From 646635c262c4b9215113fefc4fa2292d6e28c35f Mon Sep 17 00:00:00 2001
From: Ninym <lf.law@icloud.com>
Date: Fri, 17 Apr 2026 08:11:32 +0200
Subject: [PATCH] fix(menubar): sanitize SwiftBar labels via allowlist

Replaces any character outside [A-Za-z0-9 ._/-] with ? in model and
category labels and truncates to 14 chars before padEnd. Closes the
MEDIUM-2 finding from the 2026-04-16 audit: an attacker-controlled
JSONL with a crafted model name no longer injects SwiftBar directives
or ANSI escapes.
---
 src/menubar.ts | 26 ++++++++++++++++++--------
 1 file changed, 18 insertions(+), 8 deletions(-)

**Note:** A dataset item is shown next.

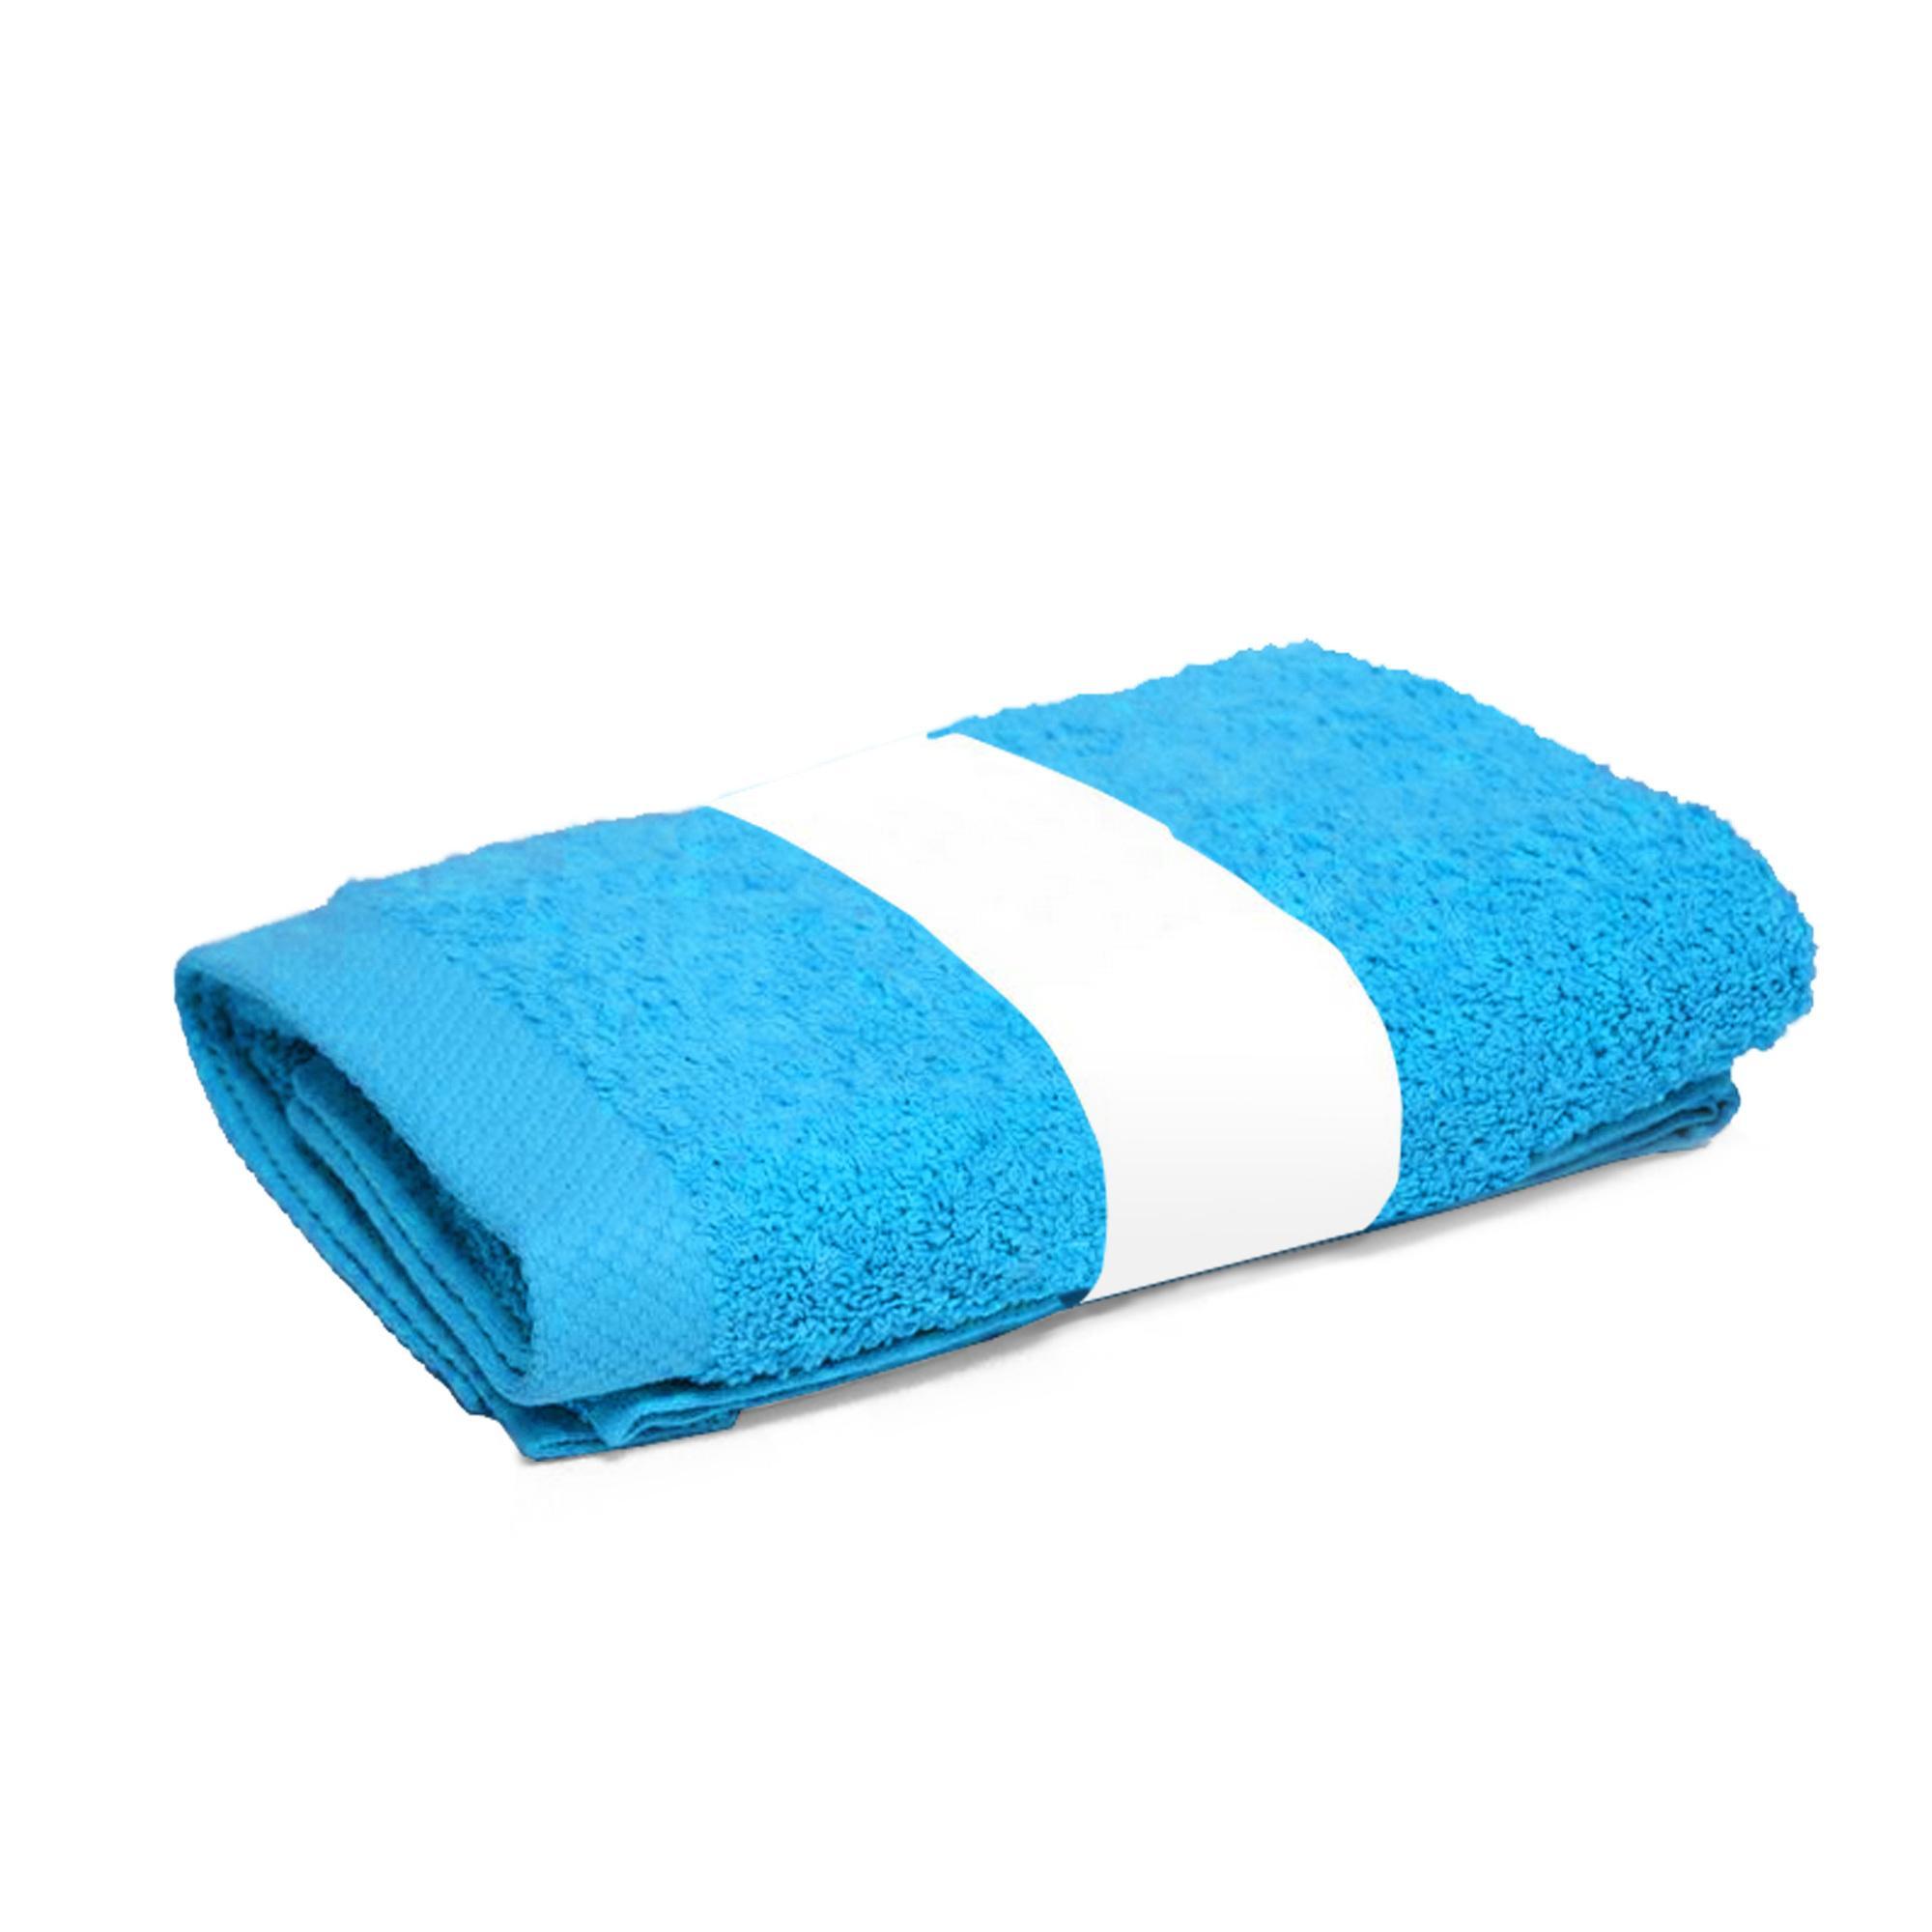 drap de douche 70x140cm coton uni pure bleu ocean linnea. Black Bedroom Furniture Sets. Home Design Ideas

diff --git a/src/menubar.ts b/src/menubar.ts
index a5abb5d..51d7e41 100644
--- a/src/menubar.ts
+++ b/src/menubar.ts
@@ -10,6 +10,16 @@ const PLUGIN_REFRESH = '5m'
 const SWIFTBAR_PREFERENCES_DOMAIN = 'com.ameba.SwiftBar'
 const SWIFTBAR_PLUGIN_DIRECTORY_KEY = 'PluginDirectory'
 
+const MENUBAR_LABEL_MAX_LENGTH = 14
+const MENUBAR_LABEL_ALLOWLIST = /[^A-Za-z0-9 ._/-]/g
+
+// SwiftBar/xbar parse `|` as the metadata separator and interpret ANSI escapes
+// on some paths. Replace anything outside a conservative allowlist with `?`
+// and truncate before padEnd.
+function sanitizeMenubarLabel(name: string): string {
+  return name.replace(MENUBAR_LABEL_ALLOWLIST, '?').slice(0, MENUBAR_LABEL_MAX_LENGTH)
+}
+
 function getSwiftBarPluginDir(): string {
   return join(homedir(), 'Library', 'Application Support', 'SwiftBar', 'plugins')
 }
@@ -138,7 +148,7 @@ export function renderMenubarFormat(
   lines.push(`Activity - Today | size=12 color=#FF8C42`)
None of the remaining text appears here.